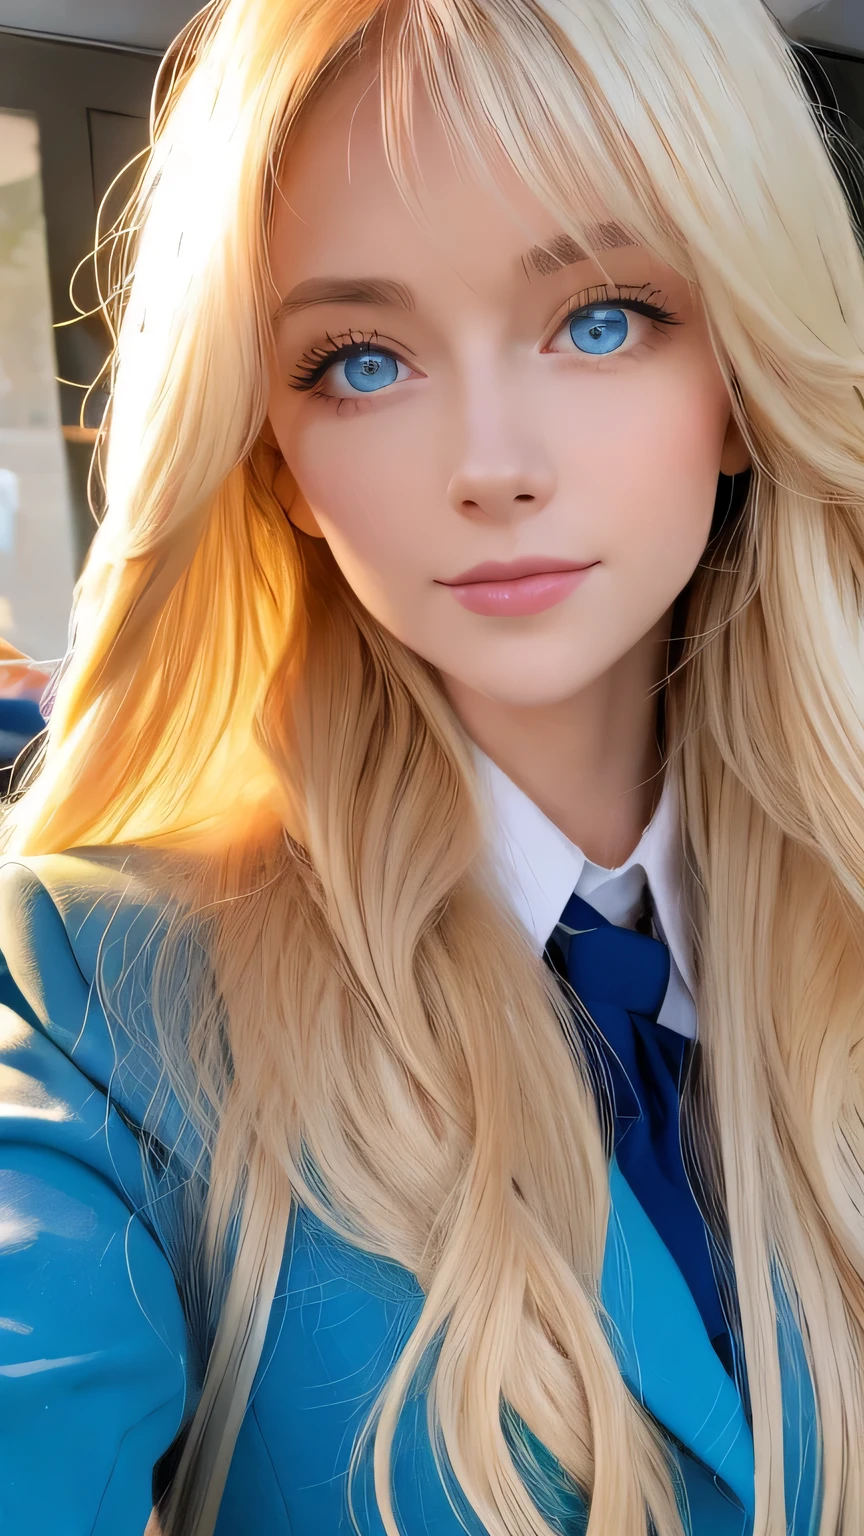 Beautiful girl in uniform、A very pretty 17 year old with super long blonde hair、Super long beautiful blonde hair、Beautiful long bangs、Bangs between the eyes、Very beautiful cute face、Cute beautiful kind face、Hello high school girls、Very beautiful bright pale sky blue big eyes、Hair above the eyes、片Hair above the eyes、Hair between the eyes、
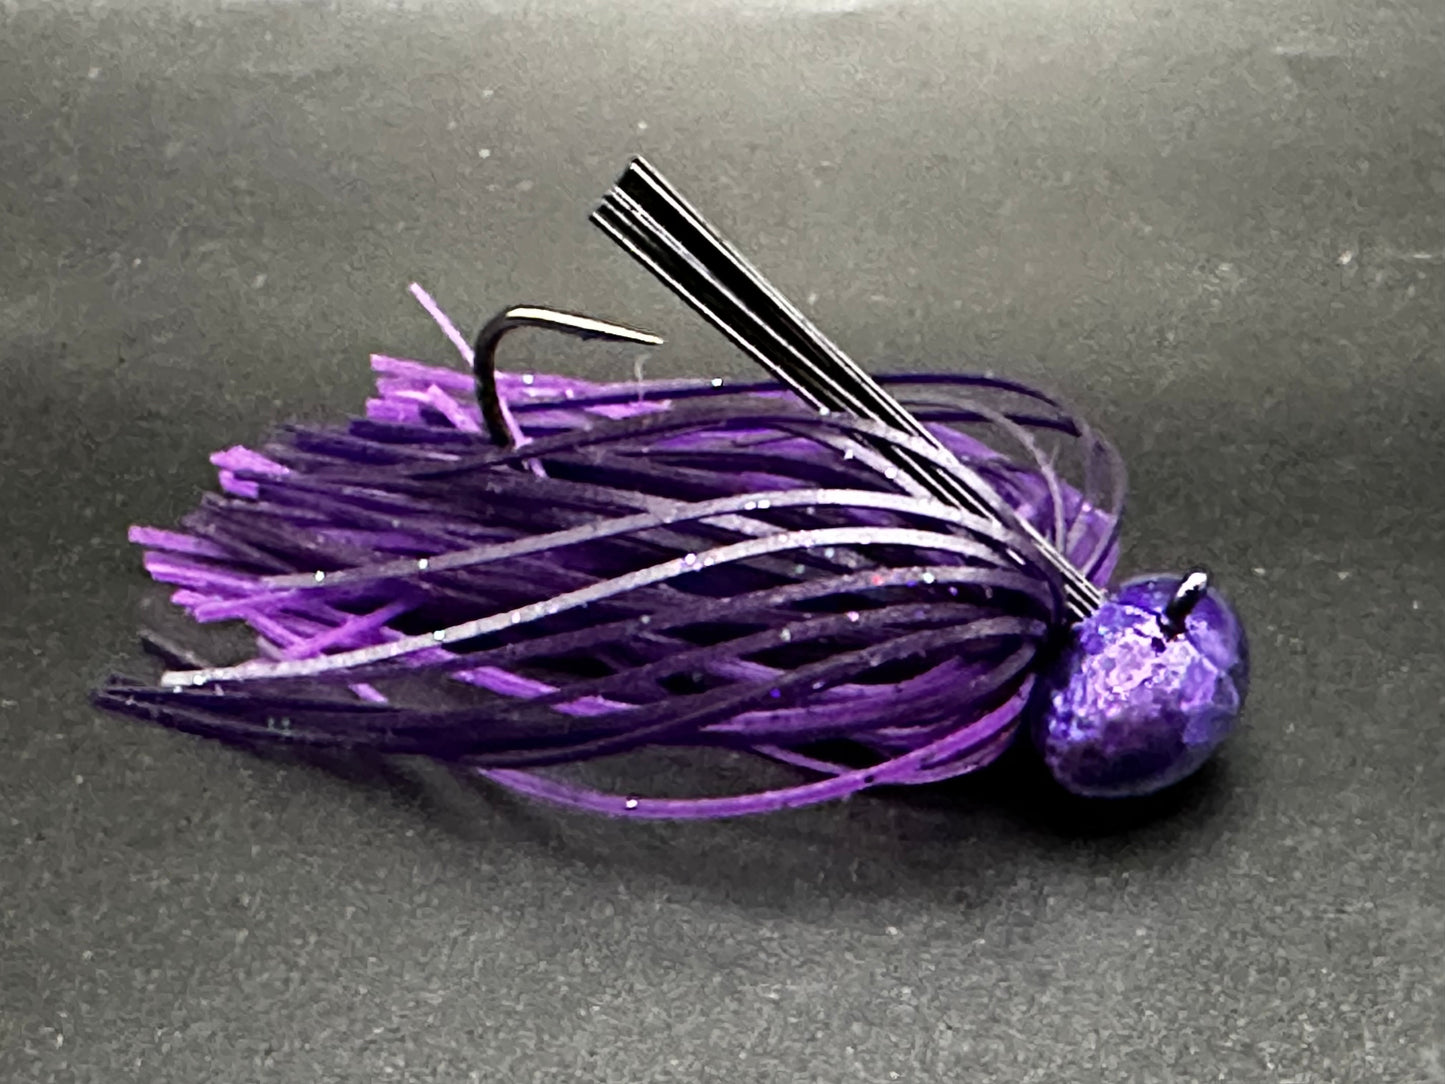 Football Jig - 1 Jig wire tied by hand
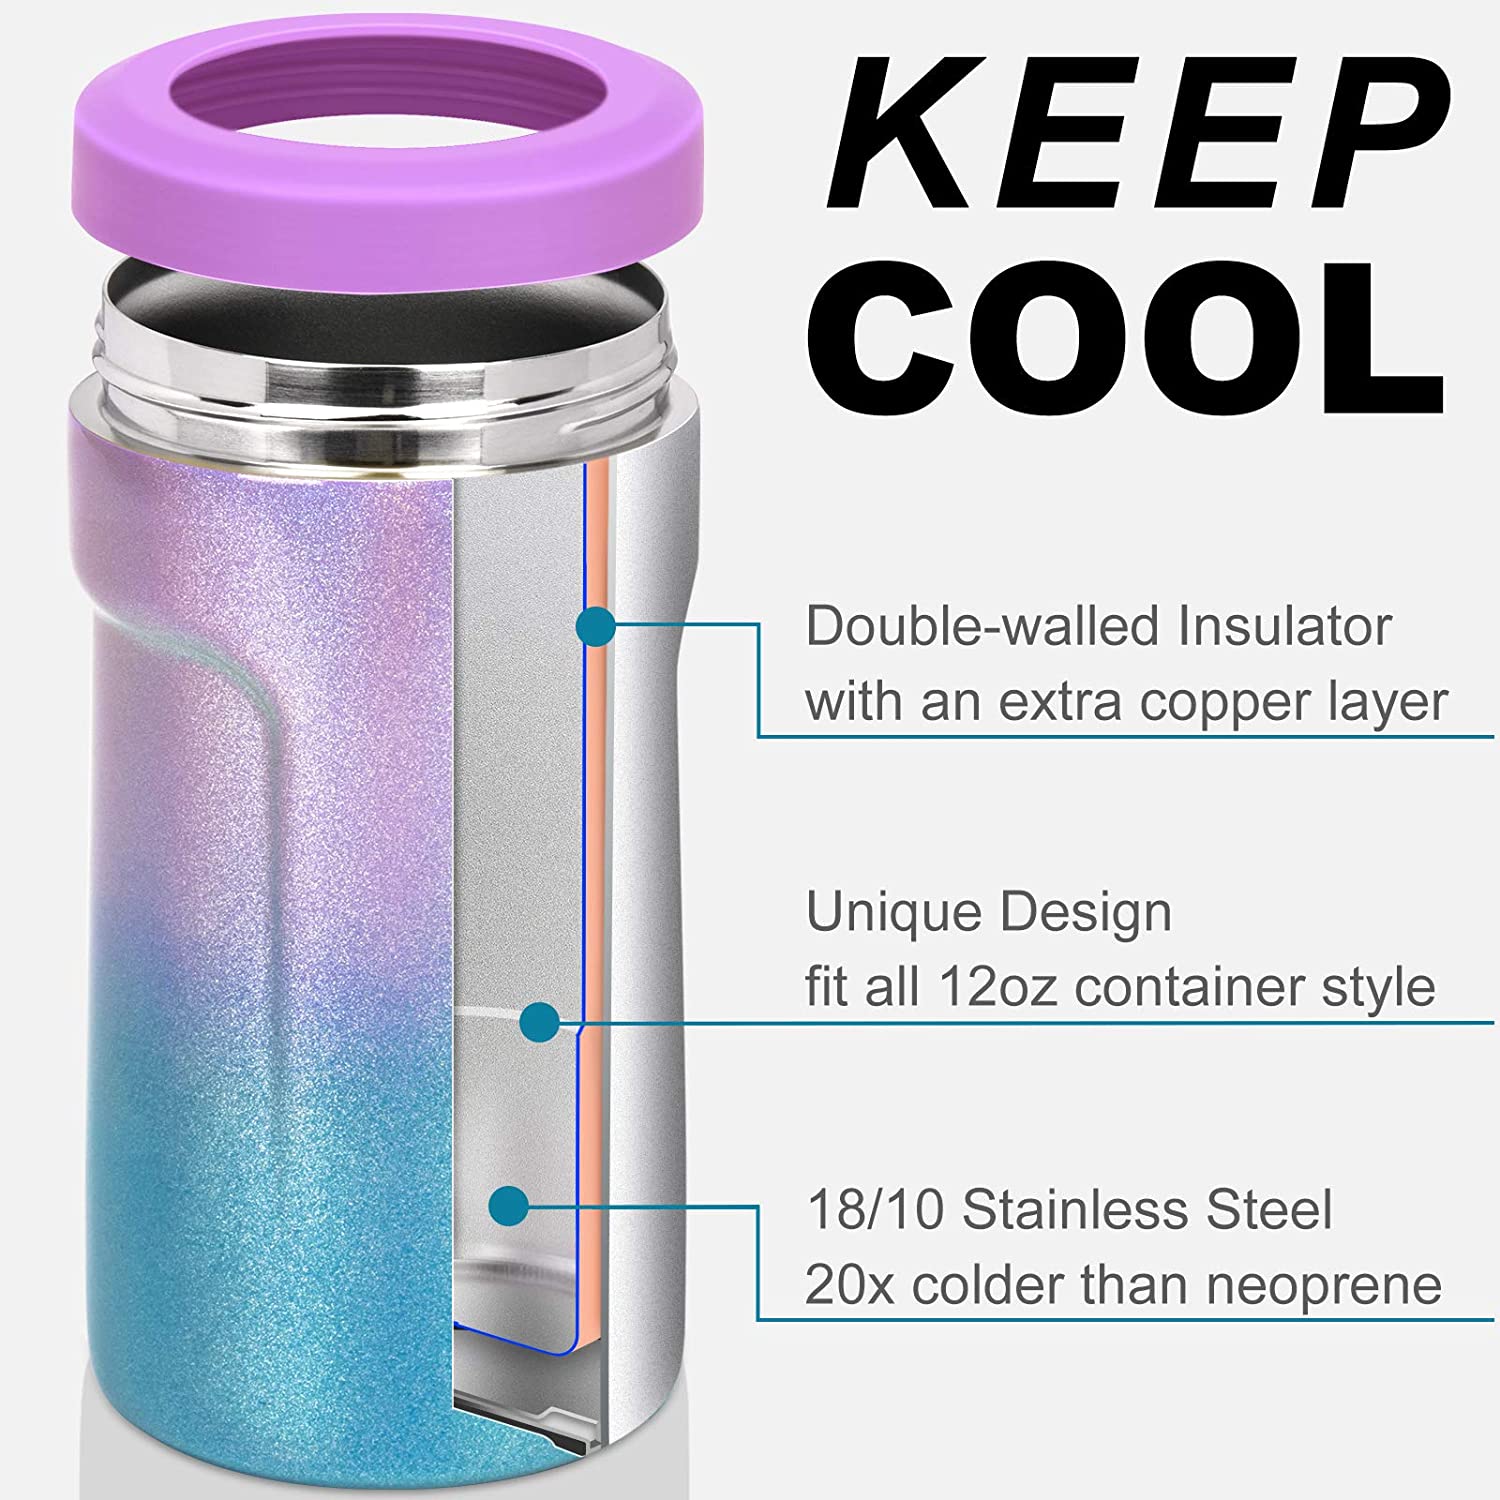 How stainless steel can cooler metal koozie works to keep cold

================================

THE TASK ->
Could you return the whole listing exactly, images excluded?

TASK RESPONSE ->
 Beautiful girl in uniform、A very pretty 17 year old with super long blonde hair、Super long beautiful blonde hair、Beautiful long bangs、Bangs between the eyes、Very beautiful cute face、Cute beautiful kind face、Hello high school girls、Very beautiful bright pale sky blue big eyes、Hair above the eyes、片Hair above the eyes、Hair between the eyes、
 Football Jig - 1 Jig wire tied by hand
 How stainless steel can cooler metal koozie works to keep cold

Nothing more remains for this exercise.